I hope you can check whether my calculations before that step were all right. We learned about this method today, where we can reduce our differential equation of second order to an differential equation of first order. I wonder whether you guys know the term of this method in English, since the lecture wasn't on English.

Thanks!

Best Answer

Your solution seems fine, let see if I can get there with the more general method for linear ODEs with constant coefficients and RHS=$\sum P_i(x)e^{r_ix}$ where $P_i$ are polynomials and $r_i$ some reals.
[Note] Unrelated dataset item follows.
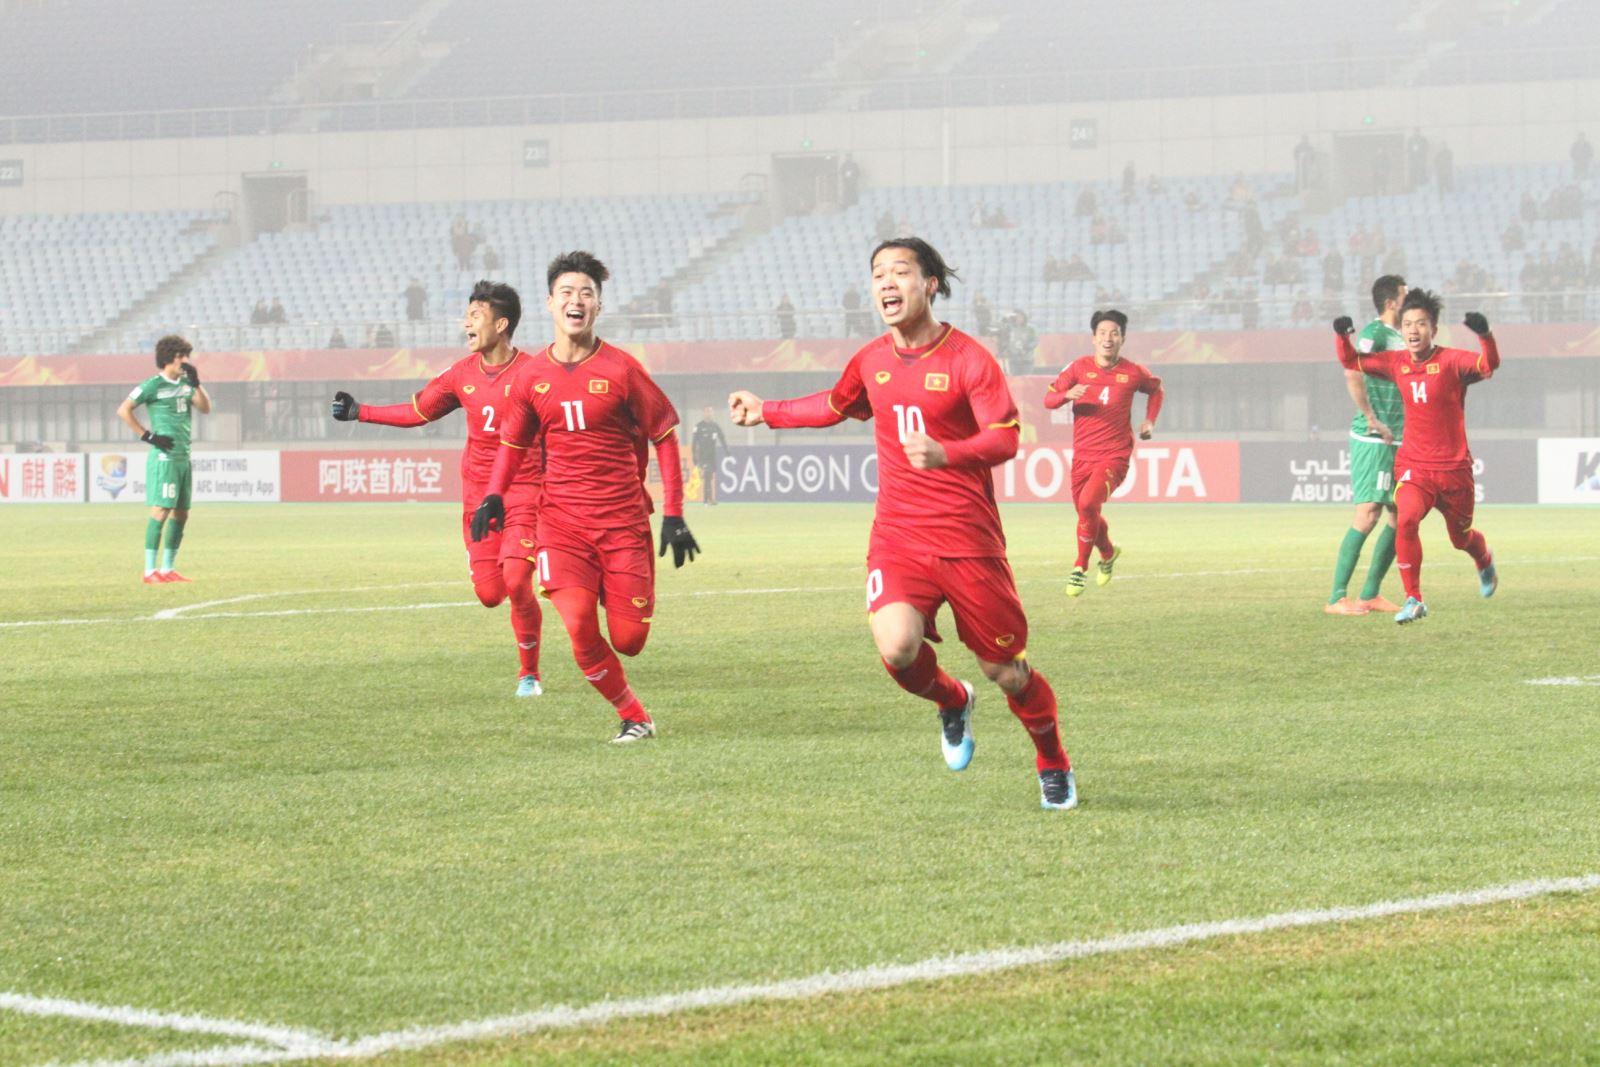 U23 Việt Nam: Á quân U23 châu Á sẽ không phải là dấu ấn lớn nhất

ODE $\,y''-4y'+4y=xe^x\ $ has characteristic equation $r^2-4r+4=(r-2)^2=0$

Whose roots are $2$ with multiplicity $m=2$.

So the homogeneous solutions are $y_h(x)=(ax+b)e^{2x}$.

RHS is $P(x)e^{x}$, since $e^x$ doesn't collide with homogenous exponentials $e^{2x}$ then we can find a particular solution $Q(x)e^x$ with $Q$ the same degree as $P$.

So let search for $y_p(x)=(cx+d)e^x$.

Reporting in the ODE gives $c=1,d=2$.

The final solution is then the same as yours:

$$y(x)=y_h(x)+y_p(x)=(x+2)e^x+(ax+b)e^{2x}$$